Structured Discovery
A disciplined approach to research and stakeholder engagement that produces actionable insights rather than open-ended exploration.
The AFD Cycle
The complete seven-phase delivery lifecycle — Discover, Define, Design, Build, Validate, Deliver, Continuous — with confidence gates between each phase.
The Analysis Dividend
The compounding return on hours invested in understanding before committing to a solution. Programmes that pay the dividend up front spend twenty-eight person-months where unstructured ones spend a hundred and twenty.
The Build Trap
The tendency to measure progress by features shipped rather than problems solved, leading teams to prioritise output over outcome.
The Quiet Build
The condition where build is the least dramatic phase of a delivery — calm because the analysis upstream did its job. Drift is recorded, not absorbed; the team grows briefly, executes against decisions already taken, and shrinks again.
The Staffing Wave
The intentional team-shape pattern that bulges and contracts as work passes through phases — analysts lead discovery, architects lead design, builders lead build — rather than maintaining a fixed team throughout.
Validation Gap
The disconnect between what was built and what stakeholders expected, arising when validation is treated as a phase-end activity rather than a continuous practice.
Woven Intelligence
AI threaded into every phase of delivery, observed at every gate, owned by every persona.
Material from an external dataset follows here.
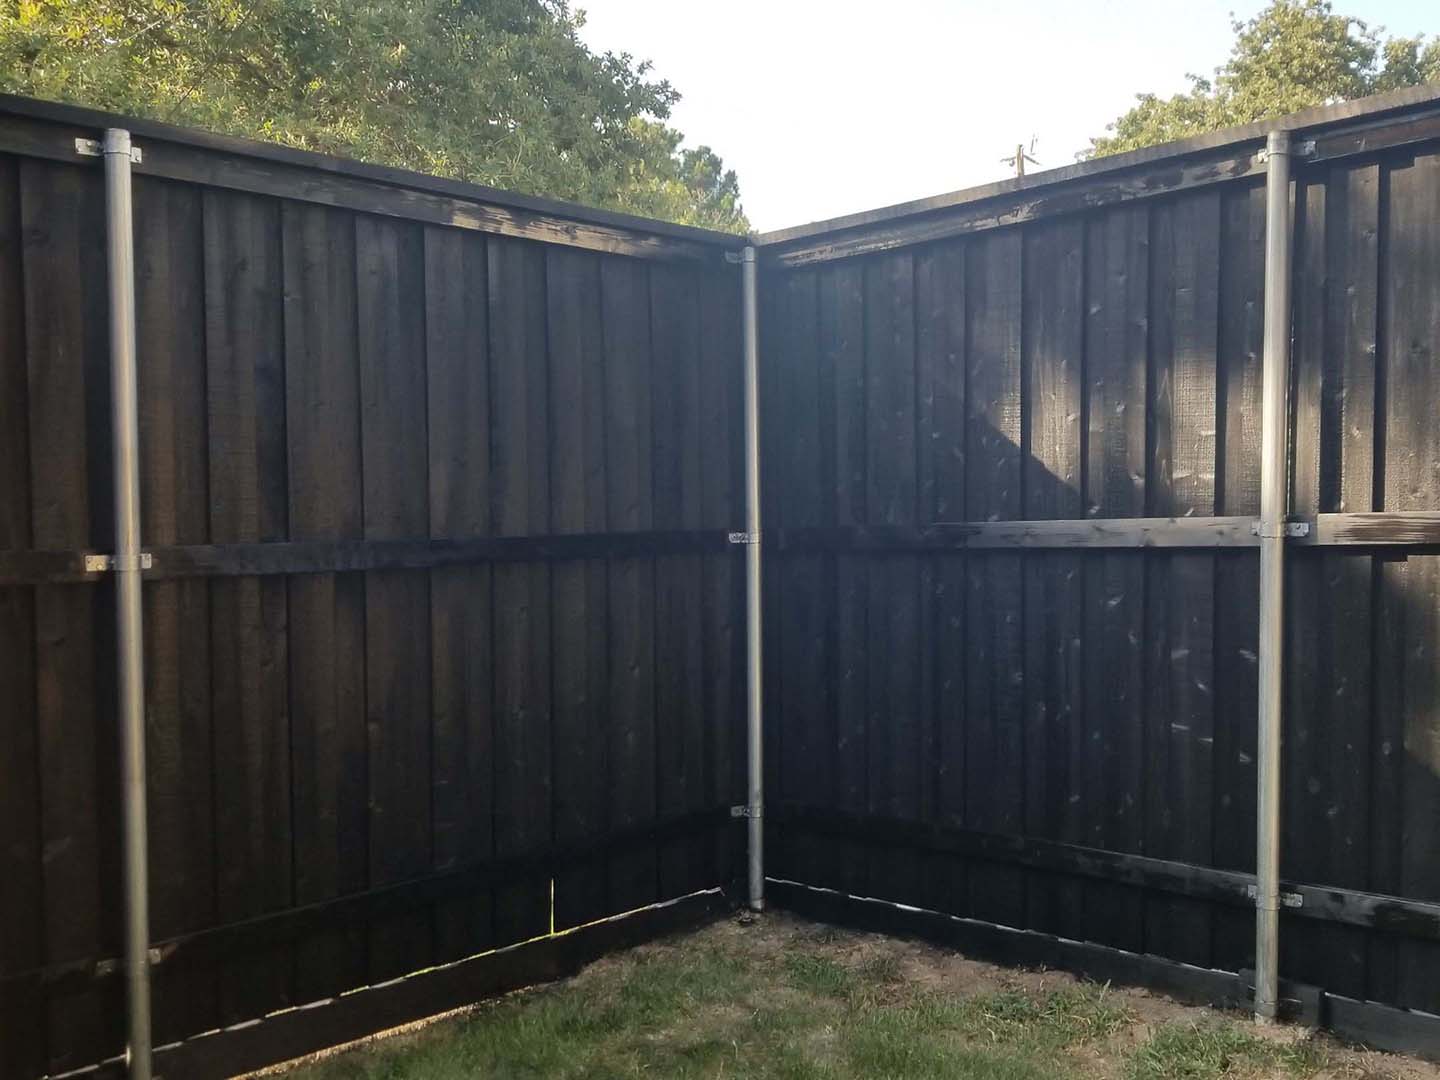 Manor TX cap and trim style wood fence

The state AFD points programmes towards.
AFD Phases
Build
Phase 4 — disciplined construction following the validated design, with flow-based task management and daily rhythm.
Continuous
Phase 7 — ongoing improvement, monitoring, and enhancement that feeds insights back into future delivery cycles.
Define
Phase 2 — convergent analysis that distils discovery findings into a clear problem statement, success criteria, and scoped requirements.
Deliver
Phase 6 — structured handover ensuring the solution reaches its intended users with proper documentation, training, and support.
Design
Phase 3 — solution exploration evaluating at least three approaches before selecting the architecture and documenting decisions.
Discover
Phase 1 — divergent research and stakeholder engagement to understand the problem space, context, and constraints before committing to a direction.
Validate
Phase 5 — verification that what was built matches what was designed and meets the defined success criteria.